Ceres is the new star of Dawn’s mission in space. The spacecraft that was launched into space on September 27th, 2007 is the first to have orbited two celestial bodies from two solar systems. These are Vesta and Ceres, found in the asteroid belt.
With the 2012 orbiting of Vesta, Dawn provided NASA scientists with invaluable information, being at the first time the first space probe to visit the planetary body. After 14 months of orbiting Vesta, Dawn was redirected to Ceres to gather information on the dwarf planet’s geological system. It is hoped that after this mission, scientists will have a better insight into the activity of the Ceres.
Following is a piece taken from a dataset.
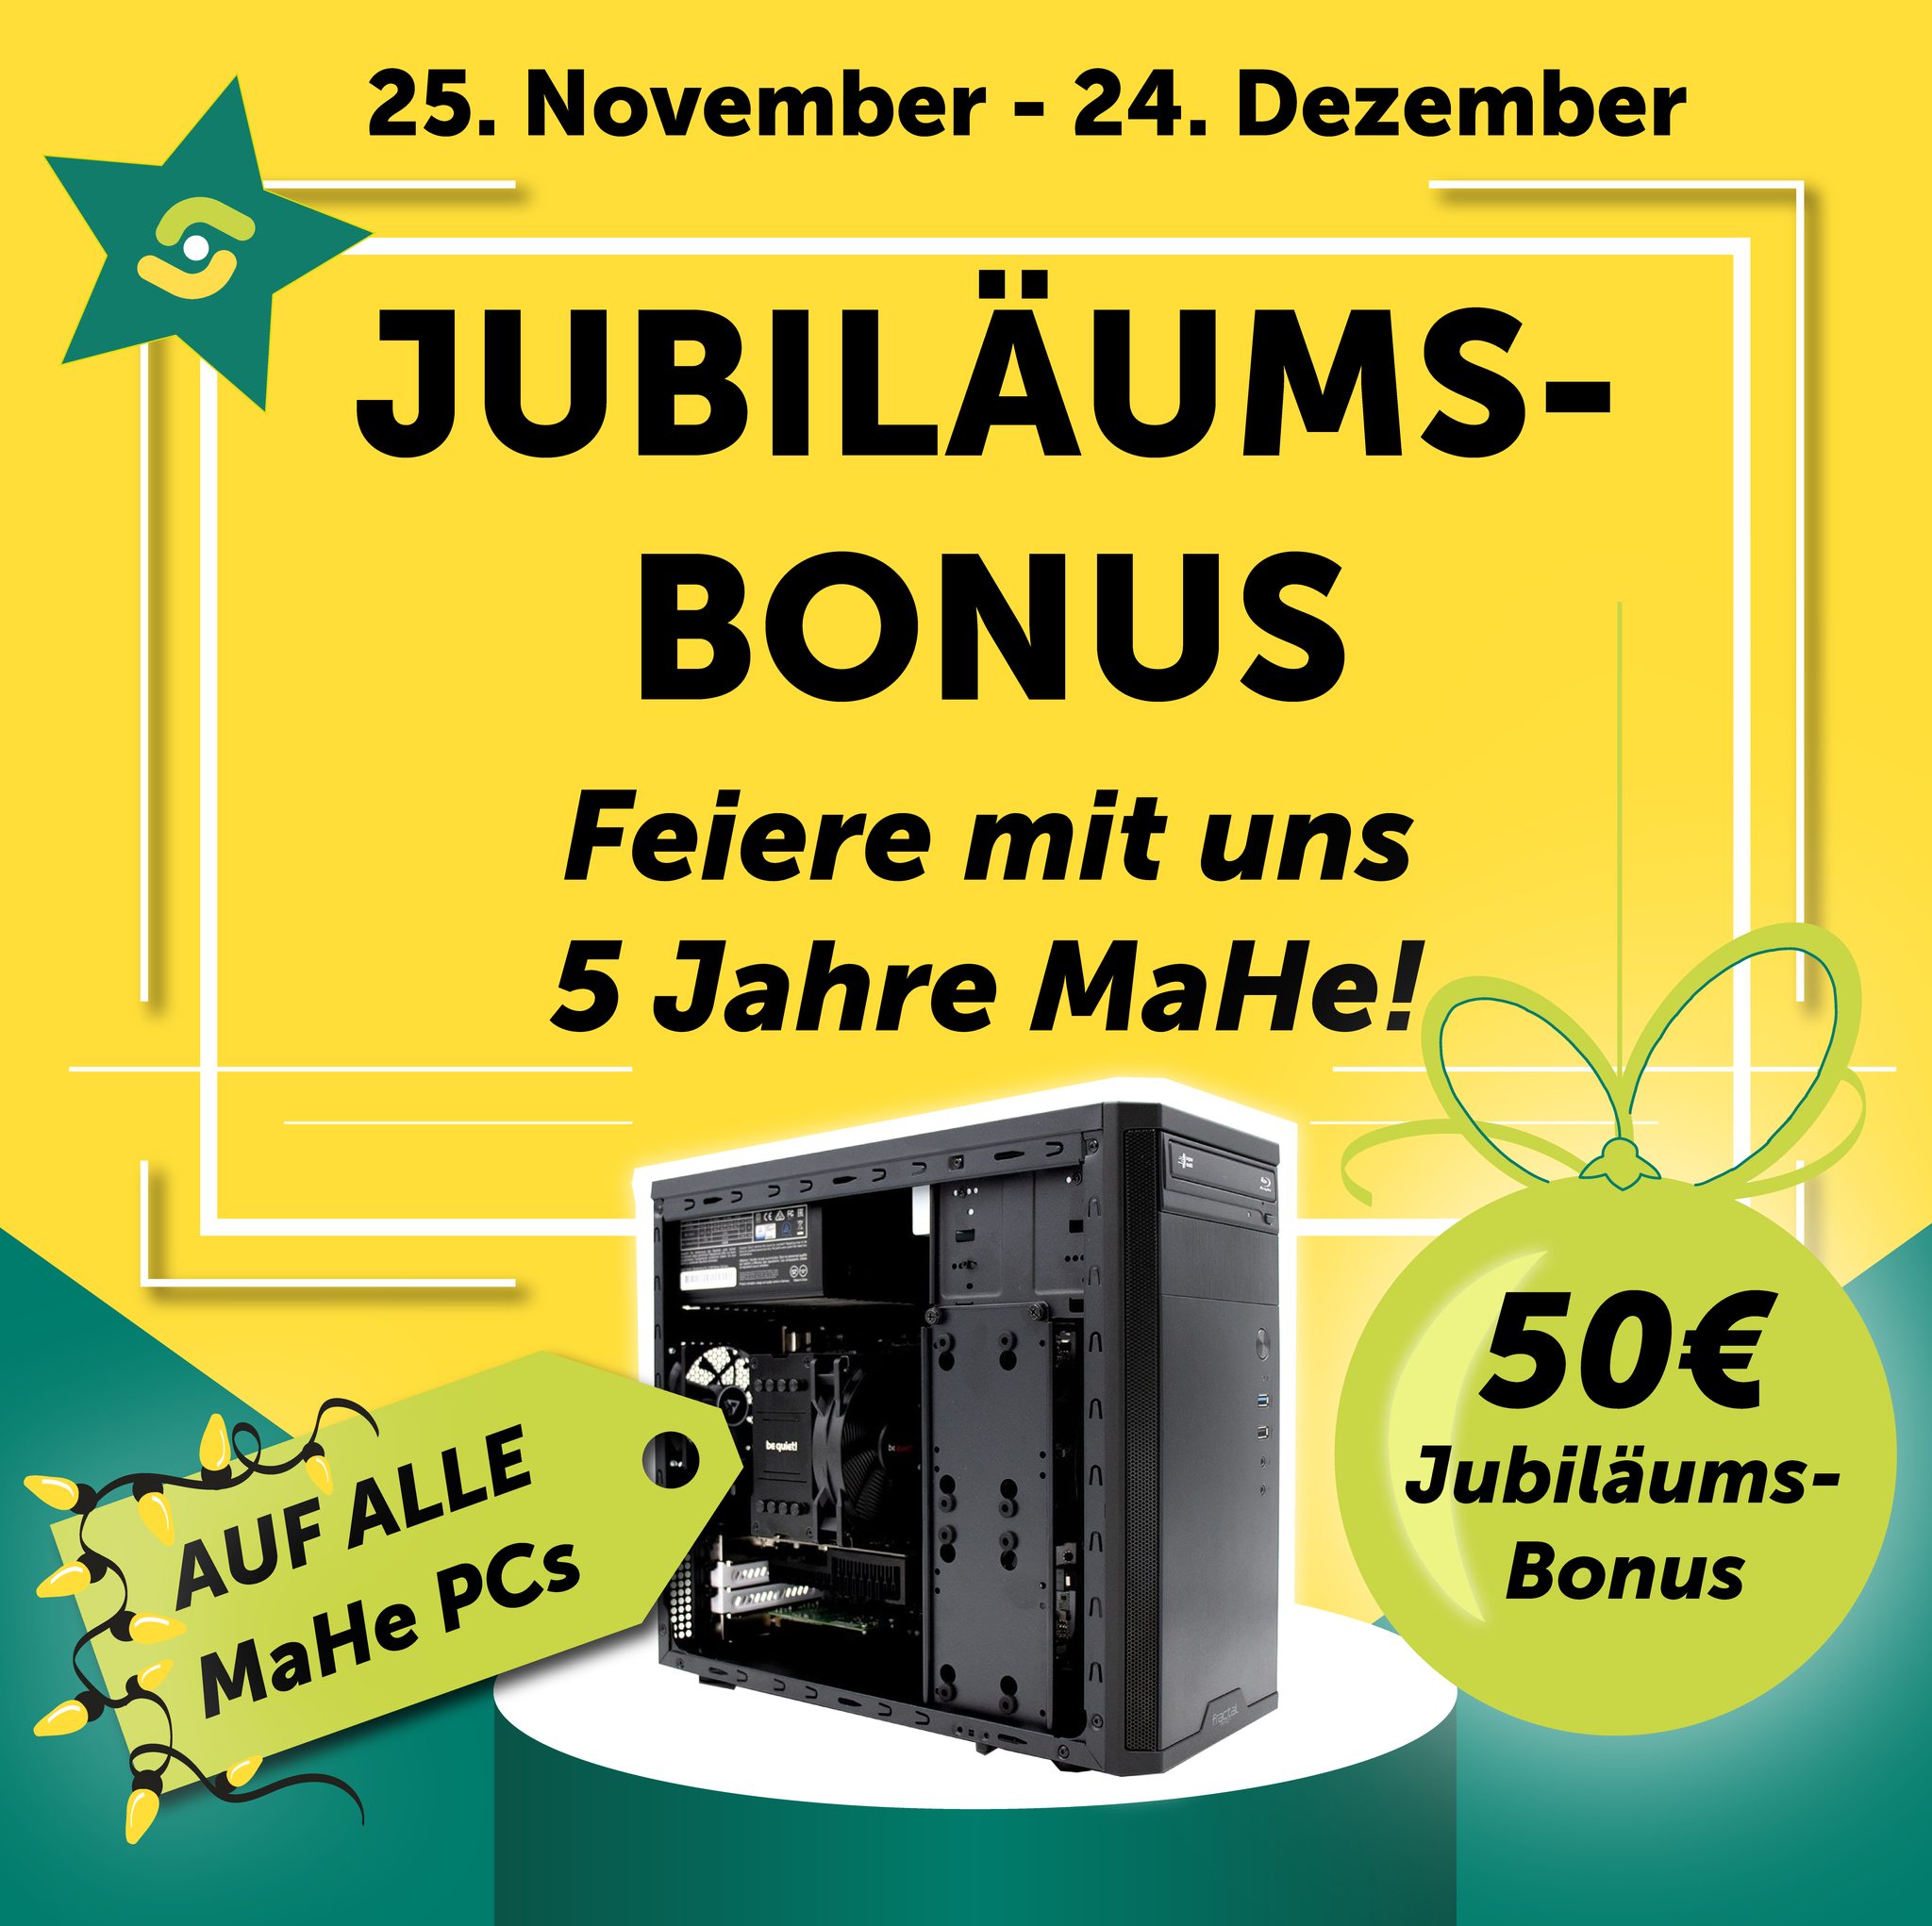 MaHe PCs mit EUR 50,- Jubiläums-Bonus

After its arrival at the Ceres orbit on March 6th, May 9th marked the descend of Dawn into the second orbit pattern which is to be completed on June 6th, according to scientists. It is planned that the new orbit is set at 4,400 kilometers altitude, with a completion overall of 3 days.
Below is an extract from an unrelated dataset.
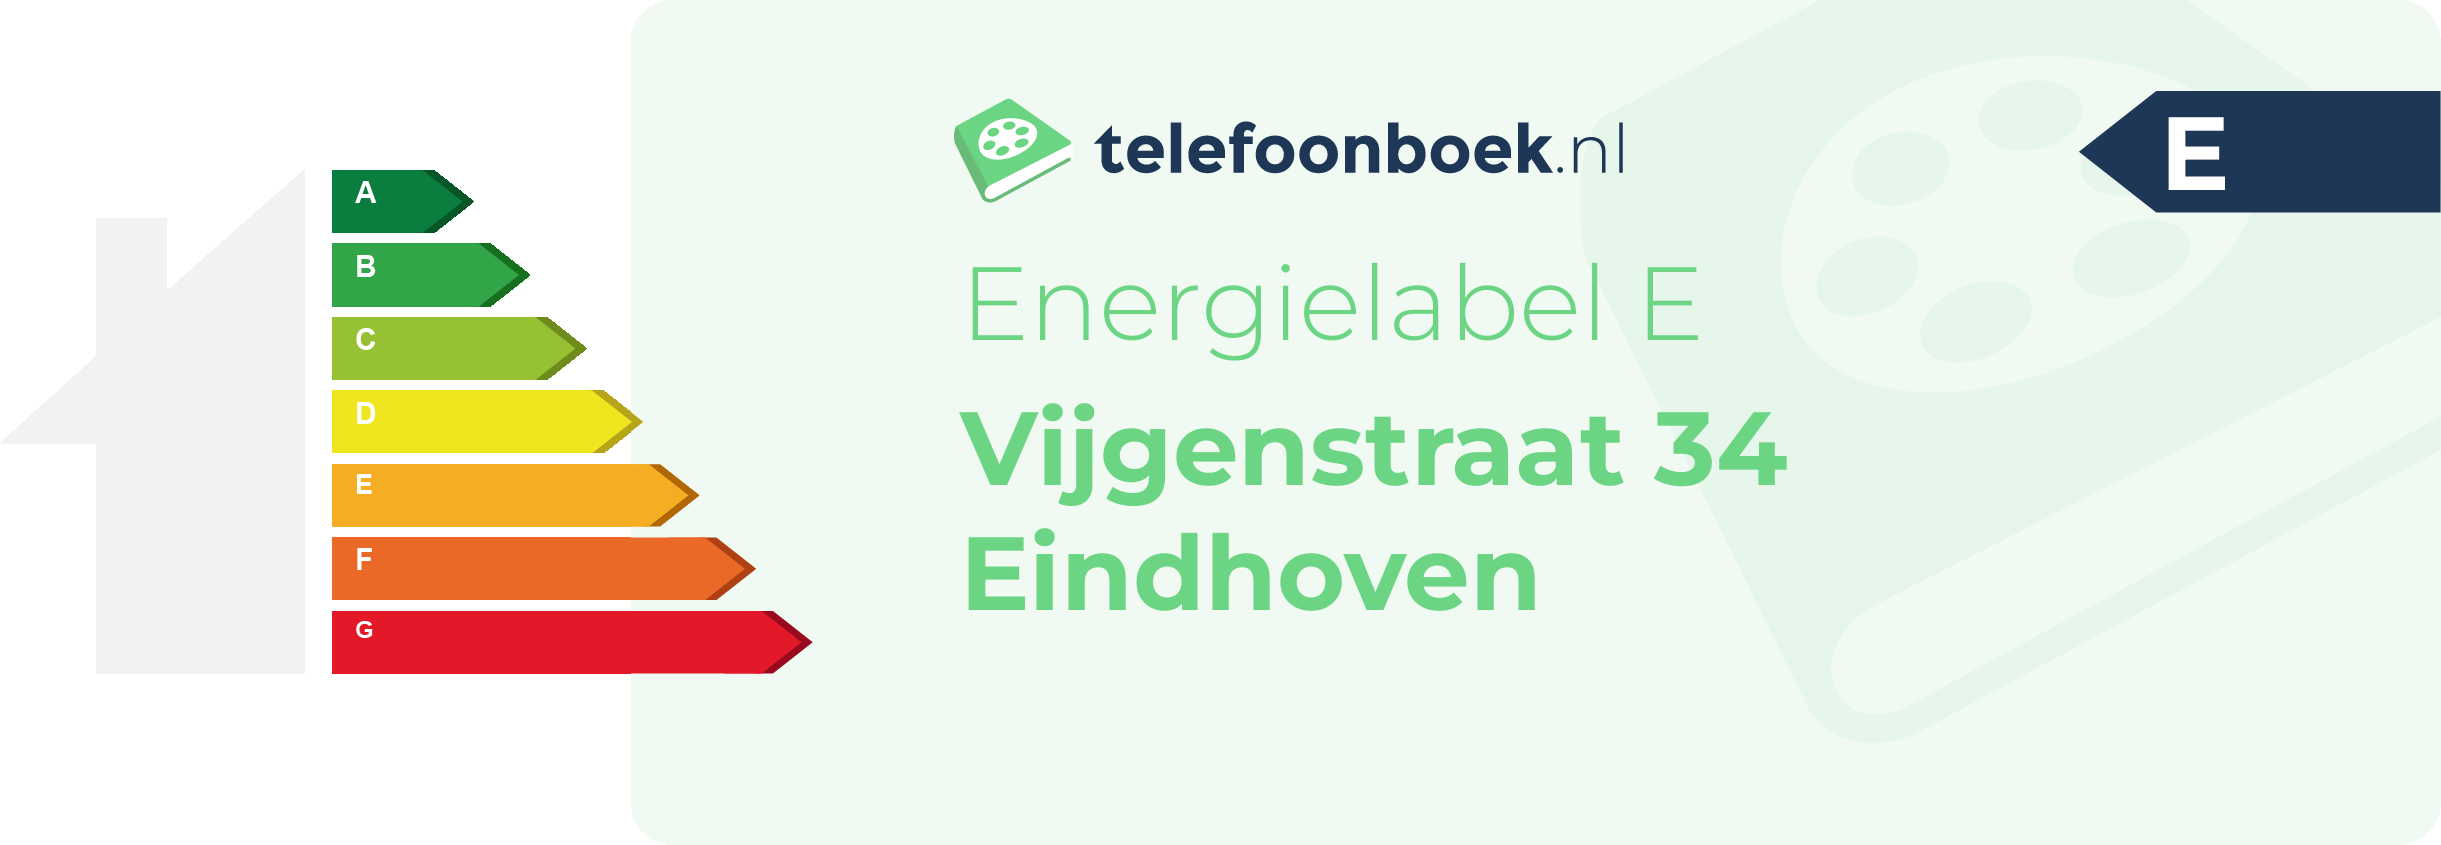 Energielabel Vijgenstraat 34 Eindhoven

On its way to descend, Dawn captured captivating images of Ceres. Particularly it was interesting for the scientist team to see close up images of the bright spots previously displayed by Dawn.
Initially it was believed that the luminous spots may represent cryovolcanoes. Dawn deputy project scientist Carol Raymond commented at the time:
“A cryovolcano will likely result in a constructional feature,” said Raymond. “So we’d expect to see a mounded feature on the surface — some sort of deposit around a central vent or a crack. In the case of this crater, what we can say is that the brightest spot is not associated with a ‘positive relief feature’ — i.e. a mound or peak … so a cryovolcano is not at the top of the list for that feature.”
The novelty brought by NASA’s Dawn images consists in that it was observed the biggest luminous spot found in crater in the northern hemisphere is in fact composed of other smaller ones. Although it is still unclear what the nature of these bright spots is, it is now clear that they simply reflect sunlight. The icy surface of Ceres is the perfect medium for such an event.
Christopher Russell, lead investigator for the Dawn mission from the University of California, Los Angeles announced that:
“Dawn mission scientists reported that the intense bright spots occur because of reflection. The icy surface of Ceres reflects a considerable amount of sunlight”.
Hopefully, with the full descend of Dawn space probe at the 4,400 kilometer altitude, more insight will be provided. For now, the images were captured from a distance of 13,600 kilometers, at a resolution of 1.3 kilometers per pixel.